I have a friend who was a great engineer with a Masters in CS/Math now living in a car in Texas as he was unable to find employment for over a year and people wouldn't touch him because if he was out of work so long that "there must be something wrong with him", he is physically crippled so he can't work in a 711 or stock shelves or do almost any manual labor, but he was very intelligent, creative, and a very hard worker. Now his home is a hammock between two trees in nowhere Texas. I know another engineer that went from a six figure salary as a senior engineer to about $25K a year as a test technician because his employer didn't let him train on new technology, then they dumped him when they phased out the product line he helped design. But hey, keep those H-1B Visas coming! Our high tech companies can't afford to retrain people, it’s better to just discard them! If you want to hear the ironic part, my friend living in a car in Texas came here on an H-1 Visa from another country and became a citizen. Welcome to the land of milk and honey.
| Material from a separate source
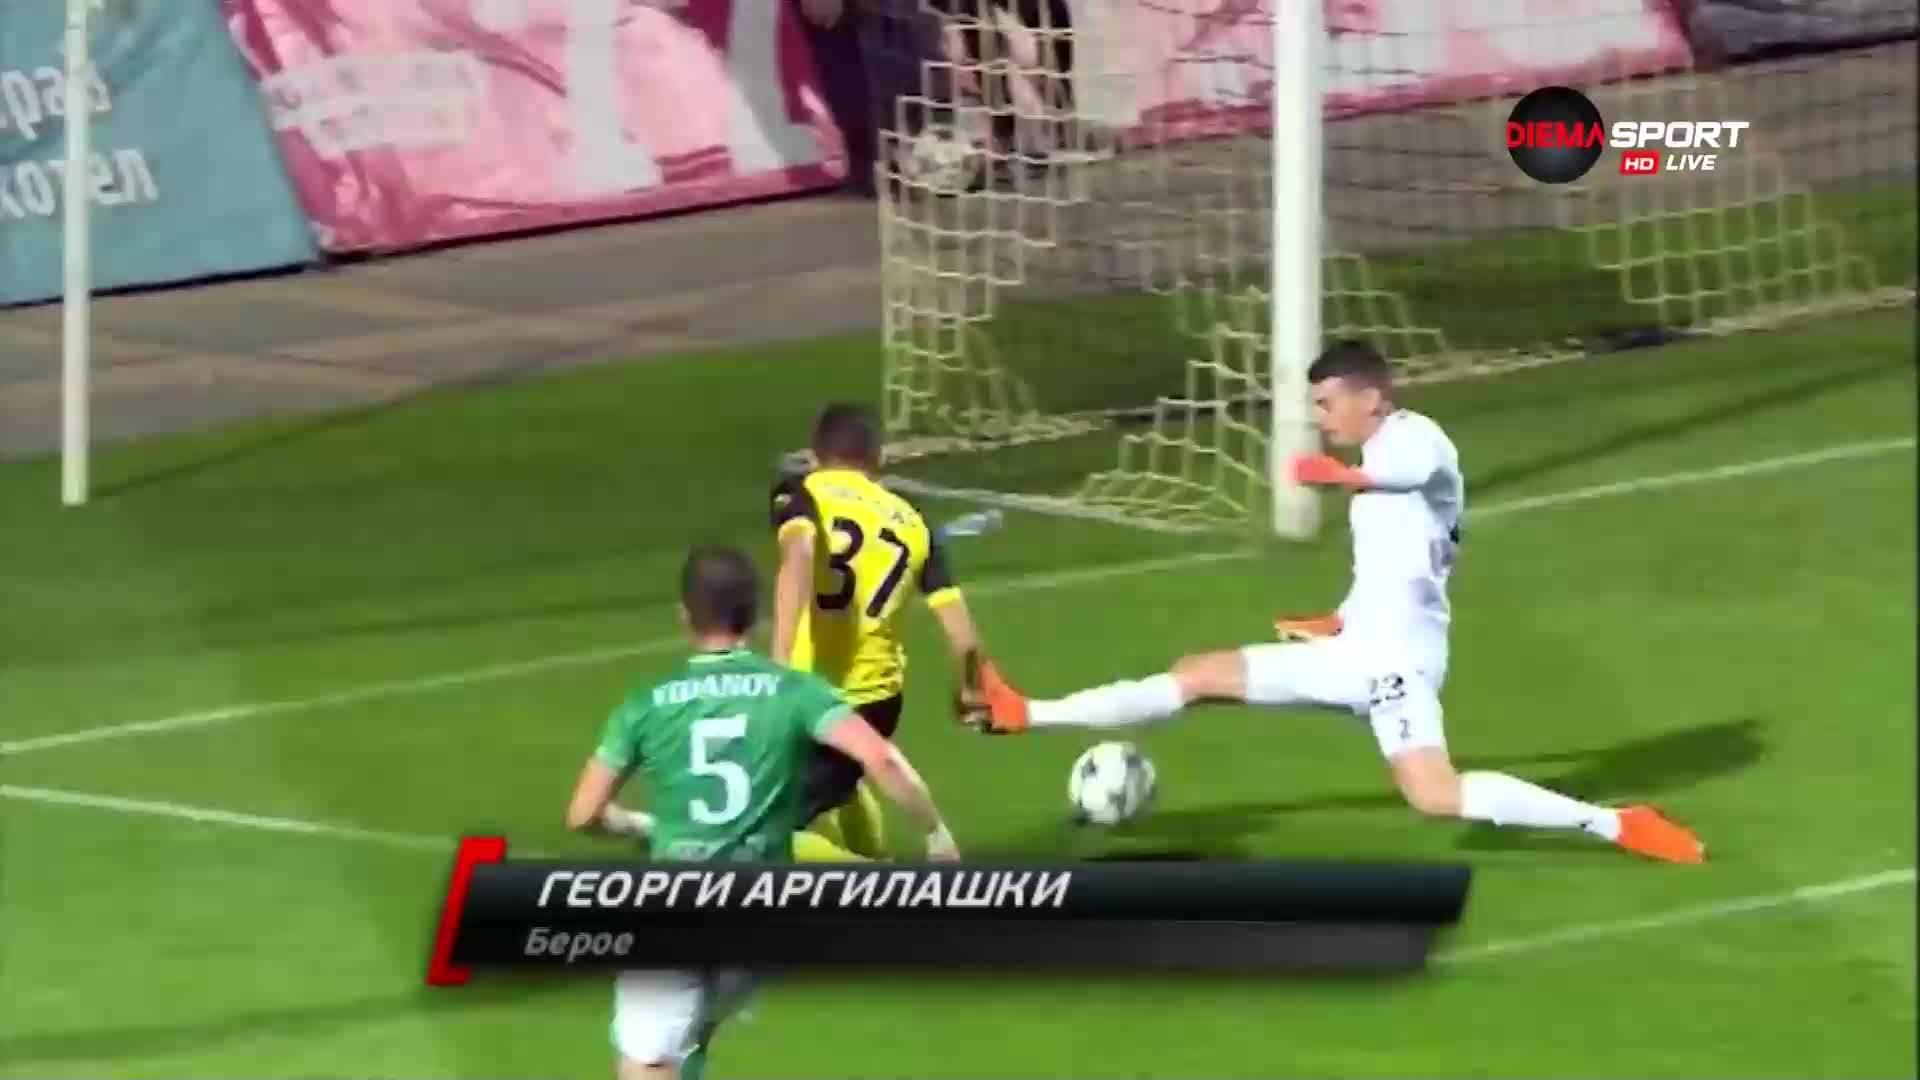 Спасяването на Георги Аргилашки срещу ЦСКА

I was just out of work for over 1.5 years, because fo the crash (thank you Goldman! and banksters), I was almost completely wiped out financially during crash and the time out of work. I went from having about 150K in the bank (and market) to now having about $12K. This is almost the same place I was in 1980 except I own no home now and have two kids in college. I have worked for most of the largest best know high tech companies at a principle engineering level. To get re-employed I finally spent the last year of my unemployment studying the new latest greatest thing (embedded Linux) at home, and then rewriting my resume to show I had done it in the last 3-4 jobs I've held as well as "invented" contracts jobs in the last 1.5 years to show I was working. Then I lied my ass off and finally got a job. I could answer the technical questions, and my resume reflected that I had done the work. Integrity is a very expensive thing when you weight it against feeding and clothing your family, but at least I am not making bombs. I am now after 6 months one of their better engineers at my new company I am earning 1/2 of my previous pay 2 years ago, but I would never have been hired if they had known what really was my history. I am sure all of the CEOs have taken a pay cut tooSealed. I think most engineers are too naive to understand this, or have the integrity to not lie to get a job.. But this is what it comes down too as a fundamental choice. I made mine.
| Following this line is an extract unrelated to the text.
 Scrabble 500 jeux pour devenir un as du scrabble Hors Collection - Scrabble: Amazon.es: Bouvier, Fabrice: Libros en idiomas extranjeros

During my unemployment, I was offered several opportunities working on weapons systems for military contractors. I chose that I would live in my car before I did that. Military contractor jobs are the only ones that you don't have to compete with H1B via holders as they can't get a clearance.
All the big companies have been moving the jobs overseas, and the jobs that are here we have to compete with lower paid H1B visa holders. The big corporations broke the unions by letting illegal aliens to do the drive wages down in the blue collars trades, and it worked like a charm. Now for the last 10 years they have been allowing wages to be held down or reduced for white collar workers by outsourcing jobs without a penalty and using H1B visas domestically. This isn't just engineering jobs, it is almost all professional jobs that take 4-8 years of college to get, you name it, and it’s probably on the list. Wonder why CEO salaries are at much greater ratios than in the 1960s? Aside from naked greed, you would have to get a greater ratio if you were driving down the labor just to stay even with what you were making.
Cisco systems moved most of its R&D jobs to India; now that Indian labor is going up they are not doing much new there but are opening in South Korea. Corporations are in search for the lowest dollar, the thing is that they can usually compete without doing this, in high tech the margins are huge, it’s not like your making hammers. IBM which has been a long holdout in keeping a lot of manufacturing domestically is now moving much of it to china. If you go to either of those companies, it looks like the UN. Two of my wives have even been foreign nationals Laughing. That's not a bad thing, to be honest almost without exception most of my best friends are from somewhere else, but it is time to STOP the government from allowing the H1B visa to be used as a tool to drive down salaries as well to fine employers a huge amount for hiring illegal aliens. These are the corporations at work to increase profits at your expense. Take care of our own first, and then allow emigration second.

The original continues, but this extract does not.